Las tinieblas ya se habían extendido por el valle cuando avisaron a McCready y le dieron las instrucciones oportunas para que se reuniera con ellos en su escondrijo al otro lado de la montaña. De acuerdo con las indicaciones, Marks condujo el coche hasta las afueras de Pedhoulas y bajó dos senderos de montaña hasta que se encontraron con Danny, que les esperaba al borde de un camino.

McCready se bajó del automóvil y siguió a Danny bordeando la montaña hasta que desaparecieron entre los cerezos y alcanzaron la cabaña sin ser vistos desde el otro lado del valle. Bill pasó a McCready sus prismáticos de visión nocturna con intensificación de imagen.

En la terraza del comedor se habían encendido las luces, un círculo de bombillas de colores se extendía sobre el perímetro de la zona del comedor, con candelabros en cada una de las mesas.

—Para mañana necesitaremos ropas de campesinos chipriotas, jefe —murmuró Danny—. No podremos andar mucho tiempo por la ladera de esta montaña vestidos de esta manera.

McCready tomó nota mental de que debería enviar a Marks por la mañana a alguna aldea situada a bastantes kilómetros de allí para que comprara esos estilos de batas cortas de lona y de pantalones que llevaban los campesinos que había visto durante el viaje, tumbados a la sombra de algún árbol al borde del camino. Con algo de suerte, nadie iría a molestarles a la cabaña; en mayo era demasiado tarde para fumigar los capullos, y muy pronto para la recolección. La cabaña estaba abandonada, con el techo semiderruido. El polvo reinaba por doquier y, apoyados contra las paredes, se veían unos cuantos azadones y un par de picos mohosos con los mangos rotos. Para los sargentos de la SAS, que habían permanecido durante semanas enteras, calados hasta los huesos, en las abruptas faldas de las montañas de Ulster, la cabaña era como un hotel de cuatro estrellas.
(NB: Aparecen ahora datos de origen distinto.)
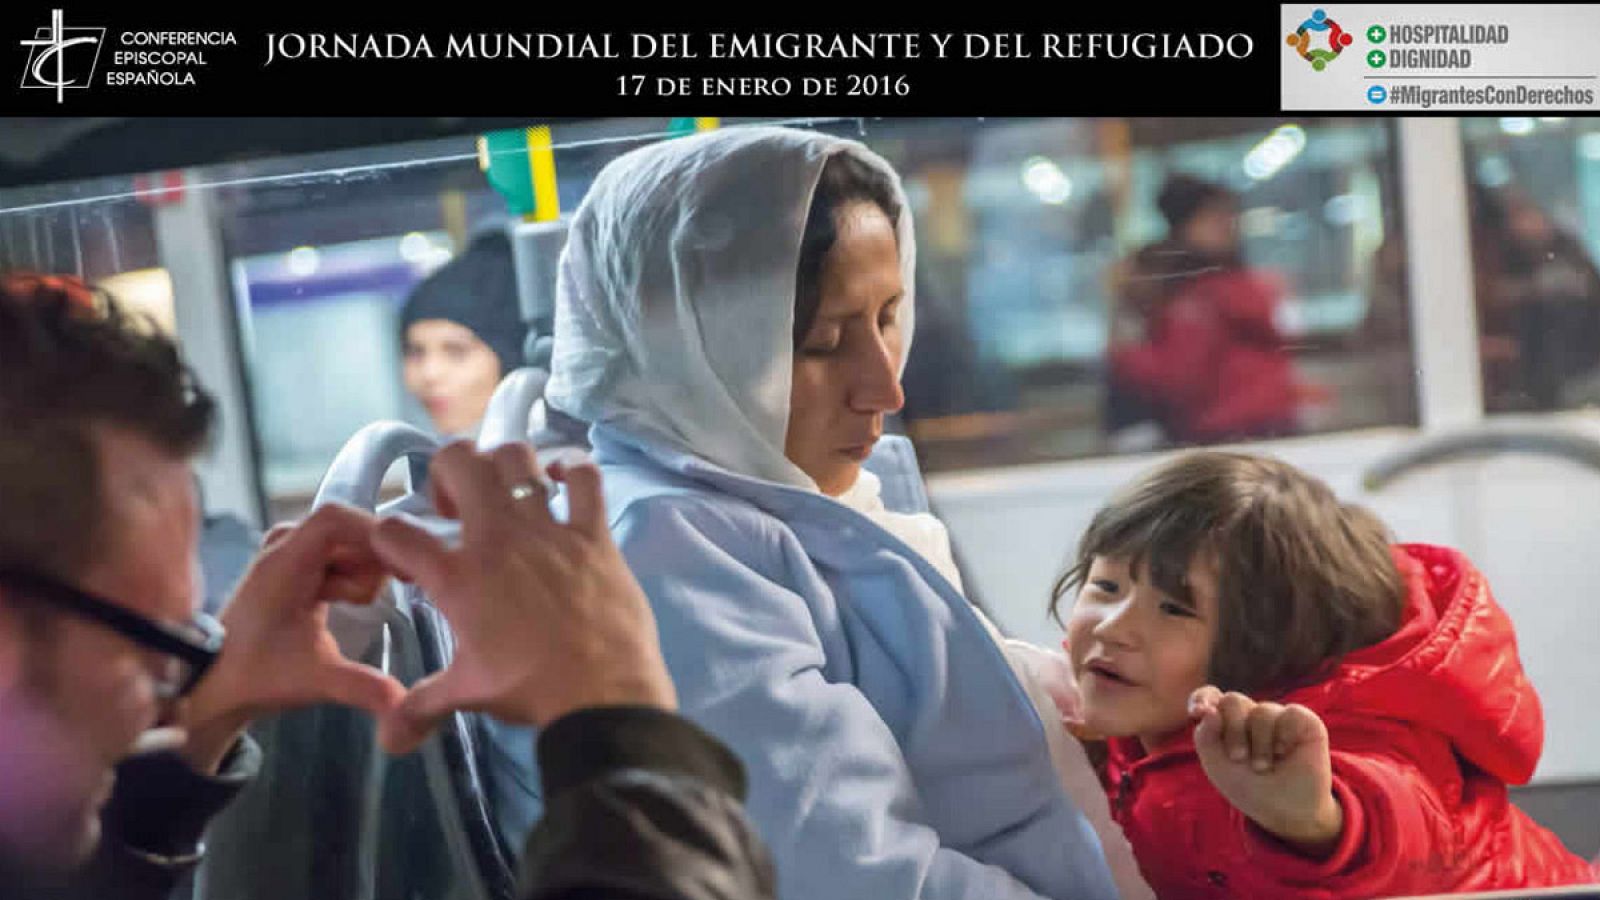 Cartel de la campaña de la Jornada Mundial del Emigrante y el Refugiado

—¡Mi madre, vaya bombón! —murmuró Bill, que se había puesto a mirar de nuevo con los prismáticos. Entonces se los pasó a McCready.

Una joven había salido a la terraza. Un radiante camarero la acompañó hasta una mesa. Llevaba un sencillo pero elegante vestido blanco, que hacía resaltar el dorado bronceado de su piel. Los rubios cabellos le caían sobre los hombros. La joven tomó asiento y, al parecer, encargó una bebida.

—¡Concentraos en vuestro trabajo! —refunfuñó McCready—. ¿Dónde está Rowse?

El sargento hizo una mueca de dolor.

—¡Ay, sí, Rowse! En la primera fila de ventanas por encima de la terraza. La tercera, por la derecha.

McCready se llevó los prismáticos a los ojos. Todas las cortinas estaban descorridas. En algunas ventanas había luz. McCready divisó la figura de un hombre, desnudo y con una toalla atada a la cintura, en el momento en que salía del cuarto de baño y se movía por la habitación. Era Rowse. Hasta ese momento las cosas marchaban bien. Pero aún no se había presentado ningún terrorista libio. Otros dos comensales salieron a sentarse a la terraza para cenar: un grosero hombre de negocios levantino, que llevaba relucientes anillos en los dedos de ambas manos, y un hombre ya mayor, que ocupó una mesa, solo, en un rincón de la terraza y se puso a estudiar con detenimiento la minuta. McCready suspiró. Su vida se había convertido en una penosa sucesión de esperas y ya estaba harto de ello. Se apartó los prismáticos del rostro y echó una ojeada a su reloj de pulsera. Las siete y cuarto. Aún permanecería allí dos horas más antes de regresar con Marks a la aldea para cenar. Los sargentos se encargarían de la vigilancia durante toda la noche. Eso era lo que hacían mejor, aparte las acciones que requiriesen la violencia física.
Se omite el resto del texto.